The main recent development at SSA has been the release of version 6 of BPCS Client-Server, which is based on a new Distributed Object Computing Architecture (Doca). Sharon Ward, UK marketing manager, says that there are now 18 live sites worldwide using this version, with a further 116 predicted to take on the new system in the next few months.
SSA has invested heavily in Doca, which allows organisations to re-use components managed using the standard Common Object Request Broker Architecture (Corba). Applications are shielded from operating environments, and processes are implemented using electronic messaging over a network.
This means that organisations can run BPCS on a number of different servers, and can change applications and processes more easily than with legacy systems.
SSA on 01276 692111
Set up in 1977, JD Edwards has 43 offices around the world and 4,100 customers in more than 90 countries. It started its UK operation in 1990, and now employs 190 people in its High Wycombe office.
The company?s products include systems for financials; HR management; architecture, engineering, construction, mining and real estate; energy and chemical; public services, government, education; and manufacturing, distribution and logistics.
Its multiplatform, network-centric integrated business software, One World, allows organisations to run the system over the Internet, and includes embedded Web browser technology.
This means that users can access the Internet, corporate intranets and business applications from a single Web browser interface.
With this approach, applications and business processes can be changed and updated much quicker, and user training costs are reduced.
Version B71.4 of One World also includes support for multiple currencies and new functionality for processes such as forecasting, job costing, fixed asset management and maintenance management.
The company has developed a nine-step methodology for implementing its software, which is called REP. This is designed to de-risk the implementation process, from agreeing on expectations to rolling out systems and carrying out periodic system audits.
JD Edwards on 01494 682700
There is no doubt that the integrated business software market is now in full swing. Partly driven by changes in technology, vendors can offer broadly comparable systems in terms of integration and quality.
Another key driver in the market is the impending potential disasters associated with year 2000 date change and EMU. These future problems will be difficult to avoid with legacy systems.
This means that there has never been a better time to invest in new core business applications. But choosing the right vendor depends on a number of factors: do you want applications written specifically for your vertical market?
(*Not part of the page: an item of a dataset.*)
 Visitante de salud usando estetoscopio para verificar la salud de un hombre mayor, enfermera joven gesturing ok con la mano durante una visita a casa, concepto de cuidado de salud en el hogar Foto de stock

Do you need global support, yet also local features and functionality?
Do you want to be committed to a single vendor for technology and applications, or do you want to keep your options open? Is your company big enough to justify a major BPR exercise along with investment in new systems?
There are also other important questions about maintenance and upgrades. How expensive and frequent are upgrades likely to be? What skills do you need in-house to keep systems running smoothly, and are those skills difficult to find and/or expensive?
By asking those questions first, it is possible for organisations to reduce the number of suitable vendors to a reasonable shortlist. It?s also vital to check out reference sites of a similar size and industry, and to involve business representatives in both the package choice, and its implementation.